(www.rettungsdienst.de; 23.10.2014) - Die Volksrepublik China will ihr gesamtes Rettungssystem nach deutschem Vorbild reorganisieren. Eine Mammutaufgabe, für deren erfolgreiche Umsetzung die Björn-Steiger-Stiftung verantwortlich ist. www.rettungsdienst.de liegen Details des als vertraulich gehandelten Plans vor.
(firmenpresse) - Ende März 2014 machte eine Nachricht die Runde, wonach die Volksrepublik China ihr Rettungsdienstsystem nach deutschem Vorbild umstrukturieren möchte. Diverse deutsche (Groß-)Konzerne wurden in diesem Zusammenhang genannt, die an dem Projekt partizipieren wollen. Wenige Monate später scheinen sich diese Planungen konkretisiert zu haben. So wird es zwei Modellprojekte in den chinesischen Städten Wuhan (10 Millionen Einwohner) und Jieyang (6,8 Millionen Einwohner) geben, wie das Bundesgesundheitsministerium auf Nachfrage von www.rettungsdienst.de bestätigte. Bei positivem Verlauf könnte es anschließend schrittweise auf andere Provinzen und schlussendlich die gesamte Volksrepublik China ausgedehnt werden.
Das Paket umfasst den gesamten bodengebundenen Rettungsdienst inklusive die technische Hilfeleistung zum Beispiel nach Verkehrsunfällen sowie die Luftrettung. Perspektivisch wird auch die Wasser- sowie Seenotrettung hinzukommen.

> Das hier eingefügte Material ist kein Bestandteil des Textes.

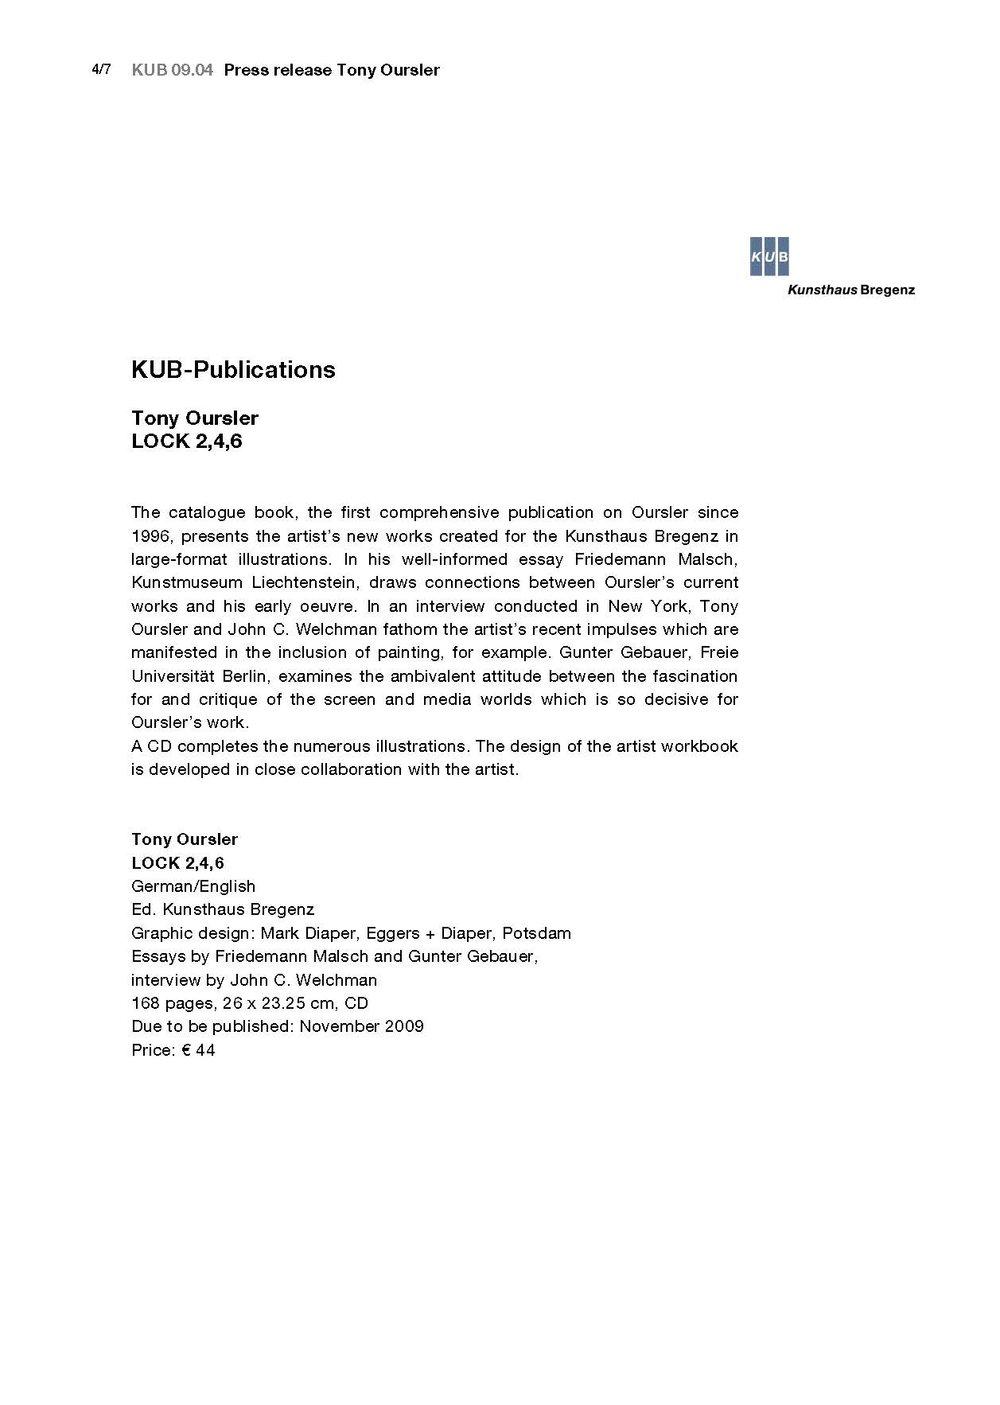 LOCK 2, 4, 6 - Press Release_Page_4.jpg

Auftakt in 6,8-Millionen-Stadt
Federführend erfolgt die Umsetzung durch die Björn-Steiger-Stiftung (BSS). Sie führt im Auftrag der deutschen Bundesregierung sämtliche Planungen und Verhandlungen mit den chinesischen Stellen.
Seitens der Björn-Steiger-Stiftung ist keine offizielle Stellungnahme zu der als „Verschlusssache“ behandelten Planung zu erhalten. Es scheint aber festzustehen, dass man sich eine 28-monatige Vorbereitungsphase einräumt, ehe der Rettungsdienst „Made in Germany“ operativ in Erscheinung tritt. Innerhalb von drei Jahren sollen fünf angrenzende Städte mit insgesamt 27 Millionen Einwohnern hinzugenommen werden. Im vierten Jahr, so die Planungen, werde das System dann auf die gesamte Provinz Guangdong ausgedehnt, sodass mit einer Vollversorgung und dem Regelbetrieb innerhalb von acht Jahren zu rechnen ist. Durch die in Guangdong gewonnenen Erfahrungen sollen alle weiteren Provinzen binnen fünf Jahren auf deutschen Standard gebracht werden.
Imposante Zahlen
Allein die Einwohnerzahlen lassen erahnen, welche Dimension das China-Projekt haben wird. Für die Provinz Guangdong kalkulieren die Verantwortlichen nach unbestätigten Angaben mit…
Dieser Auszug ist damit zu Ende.